YOUR INSTRUCTIONS:
Lines from the top of the entries through the line that has "Casa del Arbol" must be duplicated exactly, and no others.

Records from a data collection

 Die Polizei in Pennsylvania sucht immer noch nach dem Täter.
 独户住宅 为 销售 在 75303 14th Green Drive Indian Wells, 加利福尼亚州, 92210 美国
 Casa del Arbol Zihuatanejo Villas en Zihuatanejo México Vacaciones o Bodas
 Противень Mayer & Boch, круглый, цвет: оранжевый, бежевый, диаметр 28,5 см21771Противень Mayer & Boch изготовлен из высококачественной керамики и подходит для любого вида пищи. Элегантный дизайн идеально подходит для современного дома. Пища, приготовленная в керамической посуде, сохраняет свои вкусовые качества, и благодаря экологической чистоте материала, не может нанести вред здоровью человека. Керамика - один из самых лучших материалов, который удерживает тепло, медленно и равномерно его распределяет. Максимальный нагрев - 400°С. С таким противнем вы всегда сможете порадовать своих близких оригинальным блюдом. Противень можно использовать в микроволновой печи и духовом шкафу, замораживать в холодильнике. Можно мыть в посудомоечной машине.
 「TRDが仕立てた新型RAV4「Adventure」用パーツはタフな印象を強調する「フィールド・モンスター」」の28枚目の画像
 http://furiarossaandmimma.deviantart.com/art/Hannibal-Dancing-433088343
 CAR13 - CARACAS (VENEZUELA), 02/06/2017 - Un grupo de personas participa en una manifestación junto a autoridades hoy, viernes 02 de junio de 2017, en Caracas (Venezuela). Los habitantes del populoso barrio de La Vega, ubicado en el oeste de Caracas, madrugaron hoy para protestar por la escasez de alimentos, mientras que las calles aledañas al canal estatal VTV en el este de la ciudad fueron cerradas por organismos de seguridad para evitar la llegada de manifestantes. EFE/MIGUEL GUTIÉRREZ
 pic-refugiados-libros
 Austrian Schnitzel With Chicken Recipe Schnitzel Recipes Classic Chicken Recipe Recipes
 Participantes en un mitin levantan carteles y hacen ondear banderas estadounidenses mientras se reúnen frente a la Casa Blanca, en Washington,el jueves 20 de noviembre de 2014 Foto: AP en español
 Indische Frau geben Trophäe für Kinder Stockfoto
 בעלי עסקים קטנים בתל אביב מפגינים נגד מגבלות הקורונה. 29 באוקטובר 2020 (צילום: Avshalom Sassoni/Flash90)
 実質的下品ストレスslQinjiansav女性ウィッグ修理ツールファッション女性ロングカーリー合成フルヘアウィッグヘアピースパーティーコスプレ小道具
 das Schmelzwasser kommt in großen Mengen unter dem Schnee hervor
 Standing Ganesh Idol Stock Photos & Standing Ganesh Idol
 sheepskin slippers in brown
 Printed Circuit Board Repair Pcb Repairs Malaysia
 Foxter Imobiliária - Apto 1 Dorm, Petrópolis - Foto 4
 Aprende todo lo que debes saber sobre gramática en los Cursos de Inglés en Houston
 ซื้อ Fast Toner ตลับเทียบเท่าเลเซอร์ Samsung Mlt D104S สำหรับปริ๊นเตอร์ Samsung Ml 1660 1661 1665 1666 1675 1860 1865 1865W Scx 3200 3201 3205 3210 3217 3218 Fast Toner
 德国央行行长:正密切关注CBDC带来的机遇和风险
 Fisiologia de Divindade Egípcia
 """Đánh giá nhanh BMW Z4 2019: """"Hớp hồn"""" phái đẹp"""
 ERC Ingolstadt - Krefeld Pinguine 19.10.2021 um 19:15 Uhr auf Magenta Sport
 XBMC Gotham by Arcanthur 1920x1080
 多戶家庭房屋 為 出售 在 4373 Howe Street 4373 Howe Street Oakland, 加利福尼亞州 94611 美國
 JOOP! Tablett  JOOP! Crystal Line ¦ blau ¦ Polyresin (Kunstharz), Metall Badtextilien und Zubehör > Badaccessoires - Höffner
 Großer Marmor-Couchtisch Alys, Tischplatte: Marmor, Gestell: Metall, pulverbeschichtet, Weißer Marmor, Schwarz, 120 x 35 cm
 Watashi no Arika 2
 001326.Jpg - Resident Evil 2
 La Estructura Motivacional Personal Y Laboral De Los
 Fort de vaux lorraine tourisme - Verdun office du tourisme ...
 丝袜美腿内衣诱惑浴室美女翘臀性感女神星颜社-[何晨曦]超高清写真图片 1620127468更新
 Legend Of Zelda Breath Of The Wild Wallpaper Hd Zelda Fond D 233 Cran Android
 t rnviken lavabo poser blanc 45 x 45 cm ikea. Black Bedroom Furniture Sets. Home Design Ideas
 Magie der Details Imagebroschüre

RESPONSE TO THIS TASK:
 Die Polizei in Pennsylvania sucht immer noch nach dem Täter.
 独户住宅 为 销售 在 75303 14th Green Drive Indian Wells, 加利福尼亚州, 92210 美国
 Casa del Arbol Zihuatanejo Villas en Zihuatanejo México Vacaciones o Bodas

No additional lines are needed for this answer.